Ma quali sono gli aspetti tecnici e i pro e i contro di un’eventuale implementazione del progetto? Con questa analisi, certamente preliminare e limitata, Gioconews.it intende aprire un dibattito che inevitabilmente andrà a coinvolgere pure gli enti locali che oggi sono autorizzati a poter avere dei casinò, ricavando dalla loro presenza numerosi benefici diretti e indiretti, oltre che sulle ‘strade’ alternative alla statalizzazione che potrebbero essere percorse, per esempio attraverso una diversificazione e implementazione del gioco, o anche ‘cavalcando’, in qualche maniera, le prime onde di una pur timida ripresa economica.
IL QUADRO ECONOMICO DI RIFERIMENTO - Nel 2007, alla vigilia della crisi, i casinò nazionali sviluppavano un incasso di gioco di 515 milioni di euro.
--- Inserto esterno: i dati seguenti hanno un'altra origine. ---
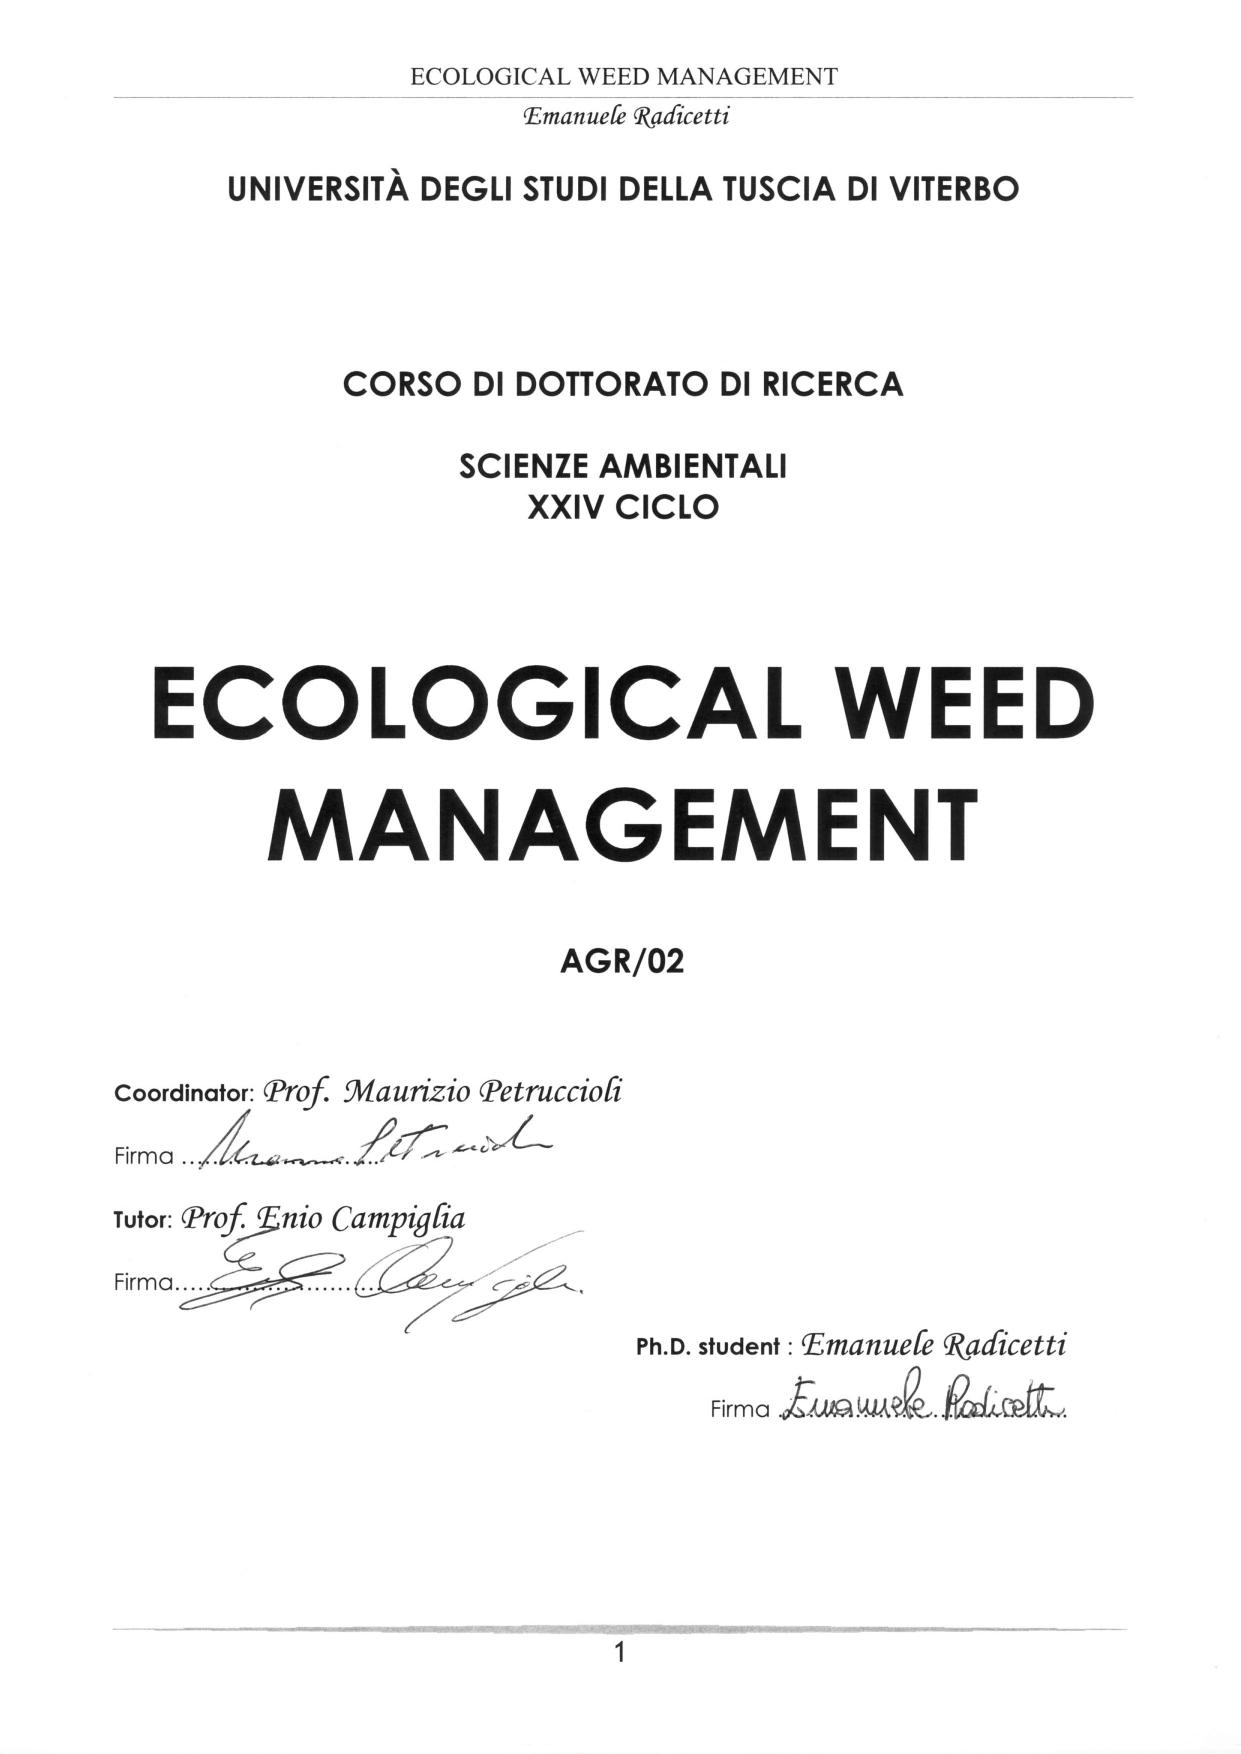 Ecological Weed Management 2012 -

Nel 2014 si è scesi a 297 milioni di euro (meno 42,3 percento). Nell’ultimo triennio la contrazione di mercato è stata di 35 milioni di euro, con una flessione di 18 milioni di euro per Venezia, di 12,5 milioni di euro per Saint Vincent, di 4,3 milioni di euro per Sanremo e 0,2 milioni di euro per Campione di Italia, un risultato di quasi parità che non basta a salvare la Casa da gioco da difficoltà di bilancio dovute al crollo del rapporto di cambio euro/franco svizzero.
In definitiva il settore è sicuramente in crisi e necessita di un rilancio e di una razionalizzazione, che superi la situazione di vera marginalità economica nel quale ormai versa, con meno di 300 milioni di euro di fatturato di gioco complessivo (un paese come la Svizzera sviluppa, con i casinò, un fatturato più che doppio).
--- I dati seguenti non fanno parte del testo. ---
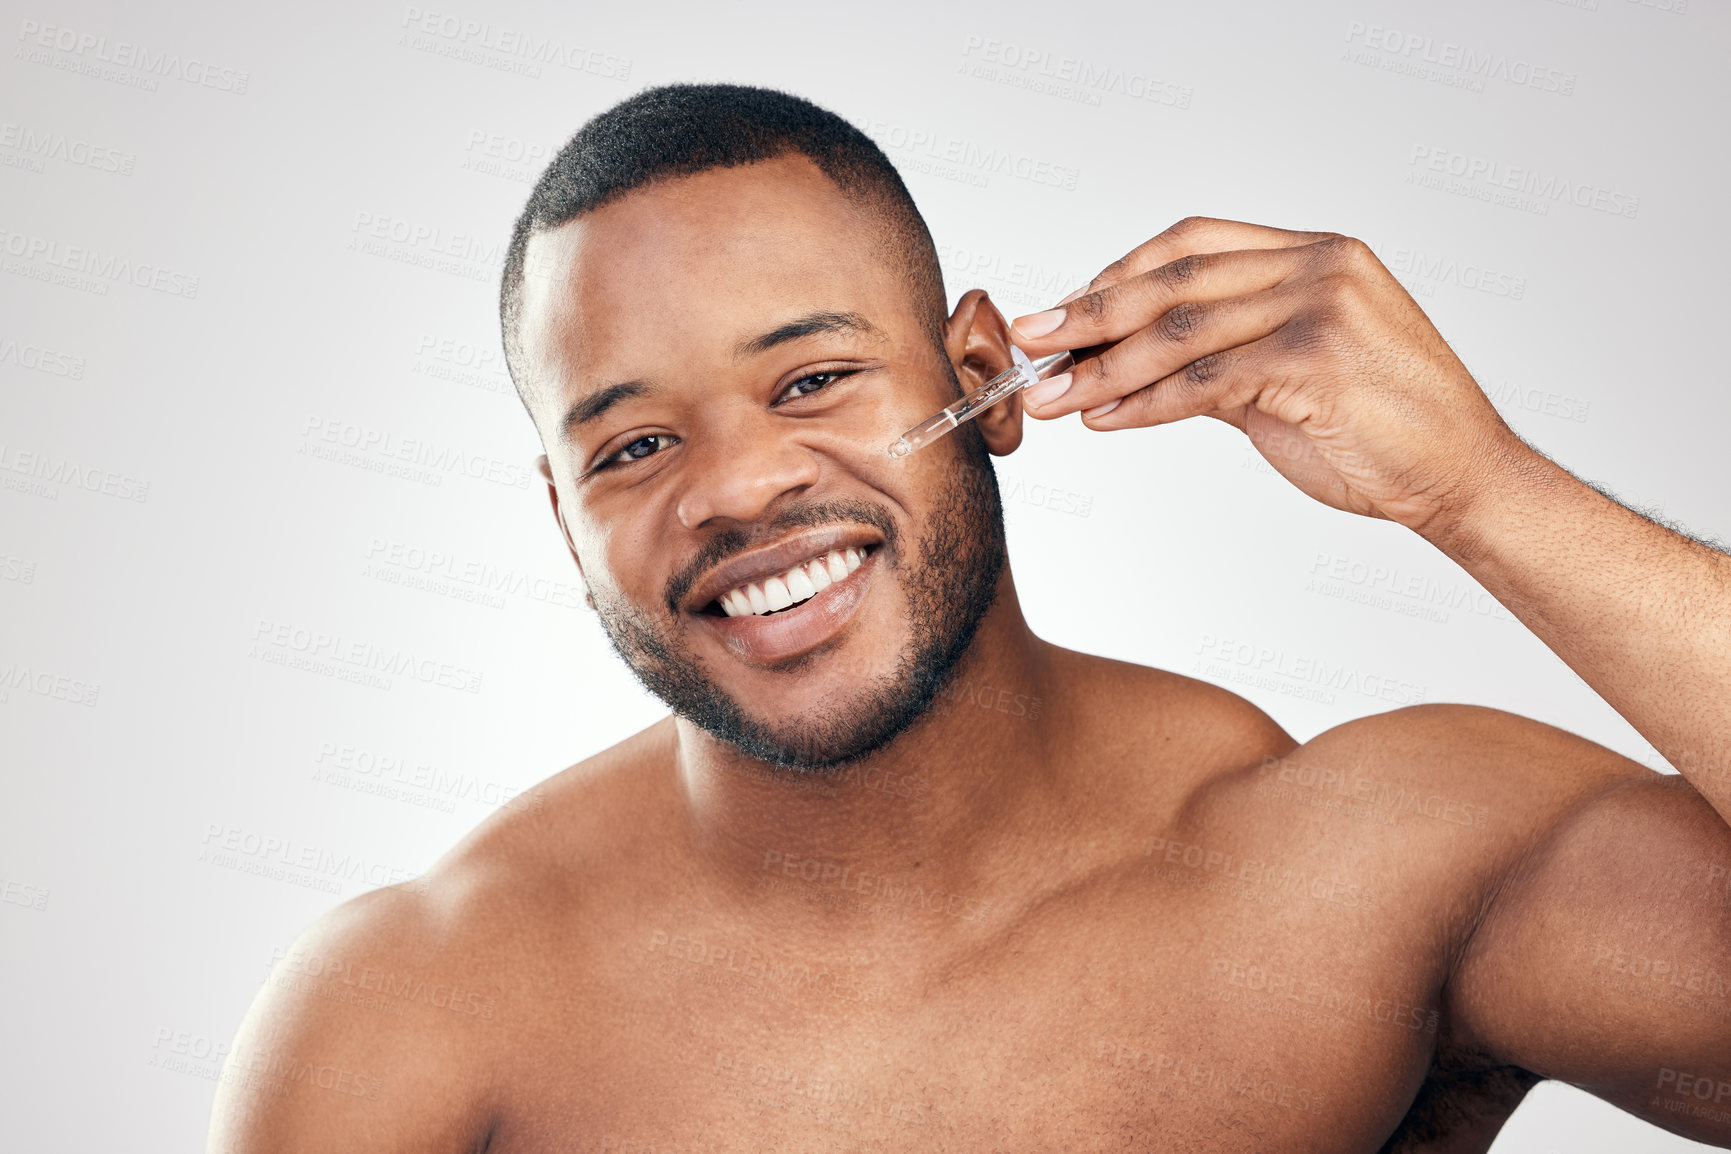 Buy stock photo Studio portrait of a handsome young man applying serum to his face with a dropper against a white background

I COSTI GESTIONALI - Sotto il profilo aziendale, pochi gruppi imprenditoriali privati quadruplicherebbero le proprie strutture gestionali a fronte di un fatturato complessivo inferiore ai 300 milioni di euro (quattro consigli di amministrazioni, altrettanti direttori generali e così pure dirigenti funzionali) e ovviamente preferirebbero agire in una logica di accentramento.
LE SFIDE - La sfida imprenditoriale del terzo millennio, in Italia si concretizza inoltre anche nell'internazionalizzazione dell'azienda, così come sul finire del secolo scorso si puntava invece sul passaggio dalla dimensione locale a quella nazionale.
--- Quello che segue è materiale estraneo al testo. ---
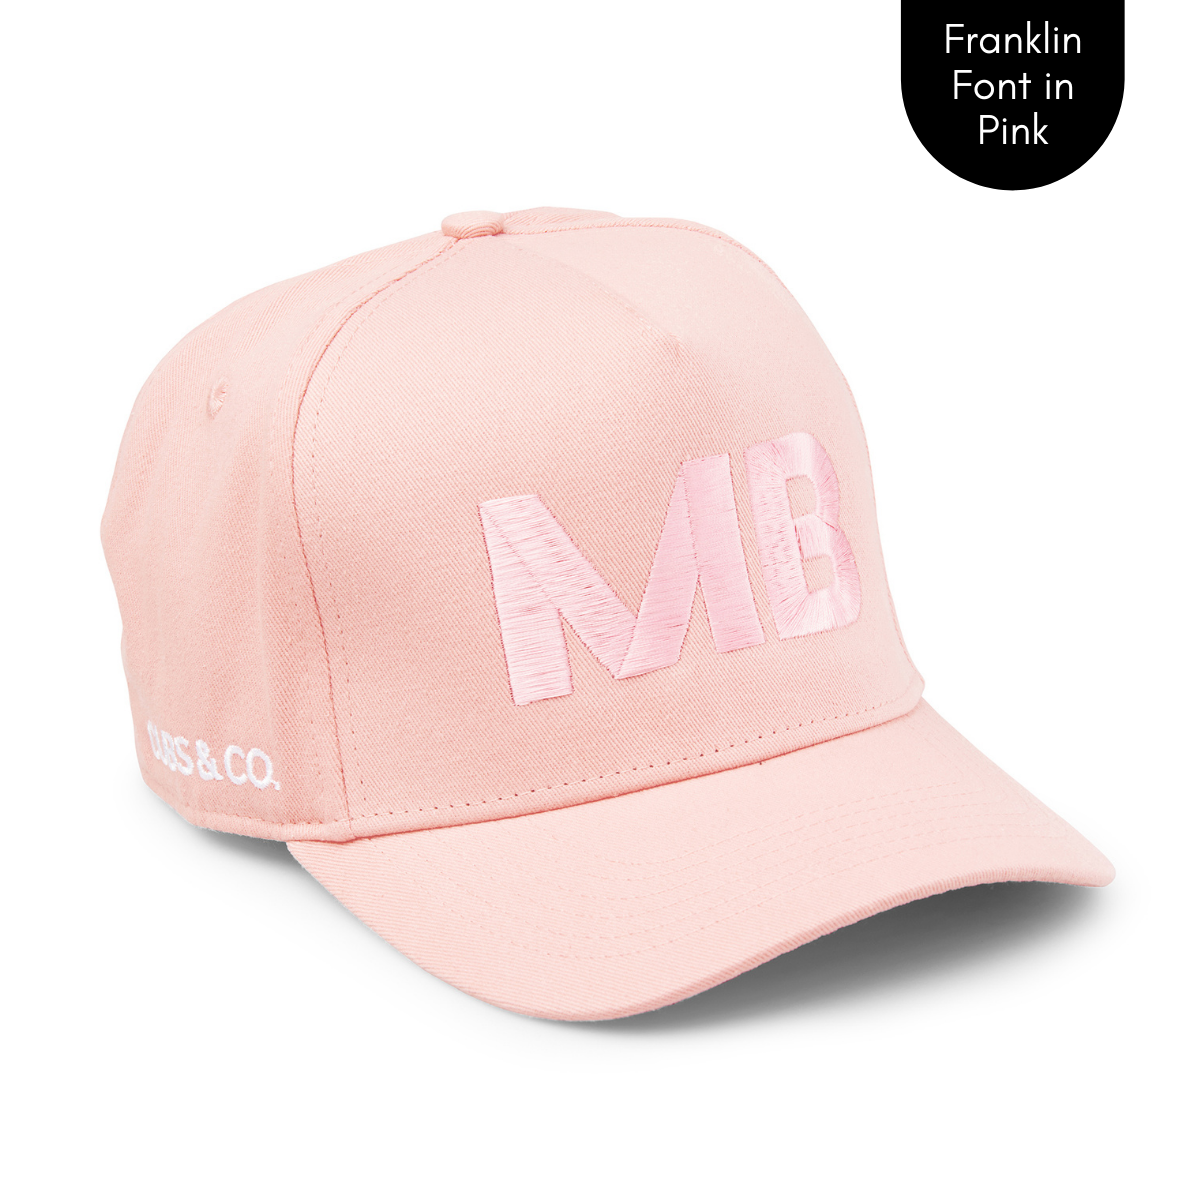 Cubs & Co - PERSONALISED PINK W/ INITIALS | FRANKLIN PINK FONT

I casinò italiani sotto questo profilo, anche a causa degli attuali vincoli normativi, sono in ritardo, come pure lo sono nella diversificazione, per esempio per quanto riguarda il segmento dell’online, che pure riserva, a chi ha saputo e voluto investirci, risultati significativi. Ovviamente l’obiettivo resta, oltre che quelli di garantire gioco lecito e controllato, di creare sviluppo e di produrre un flusso positivo per l’ente proprietario, un ‘nodo’ che talvolta è stato difficile sciogliere per una pluralità di motivi, tra cui figura, ma non da solo, anche l’eccessiva richiesta da parte delle amministrazioni pubbliche, con conseguente ‘effetto bancomat’ più volte stigmatizzato. Ma se queste sono considerazioni, i ‘numeri’ sono invece che nel periodo pre-crisi il settore esprimeva una redditività lorda di oltre 200 milioni di euro, che oggi è scesa a 30/35 milioni di euro. Una cifra ormai non significativa e spesso non sufficiente alle quattro amministrazioni proprietarie.
LA PROPOSTA BARETTA - Cercando di leggere nella proposta Baretta, molti sono gli spunti che possono incidere positivamente sulla situazione attuale. Se il settore necessità di un processo di razionalizzazione, tale intervento sarà evidentemente più efficace non in un singolo casinò, ma in una nuova società di gestione con oltre duemila dipendenti.
Processo che, in questo caso, sarebbe meno influenzabile dalle politiche locali, per definizione più conservatrici.
Lo Stato potrebbe intervenire direttamente a supporto degli enti proprietari, traendo risorse dalla maggiore redditività complessiva derivante dall'efficientamento della struttura aziendale.
Questo assetto potrebbe agevolare in modo risolutivo l'apertura di nuove sedi (filiali, come indicato dal sottosegretario), non più viste come competitor, ma come effettivo valore aggiunto al miglioramento dell'impresa.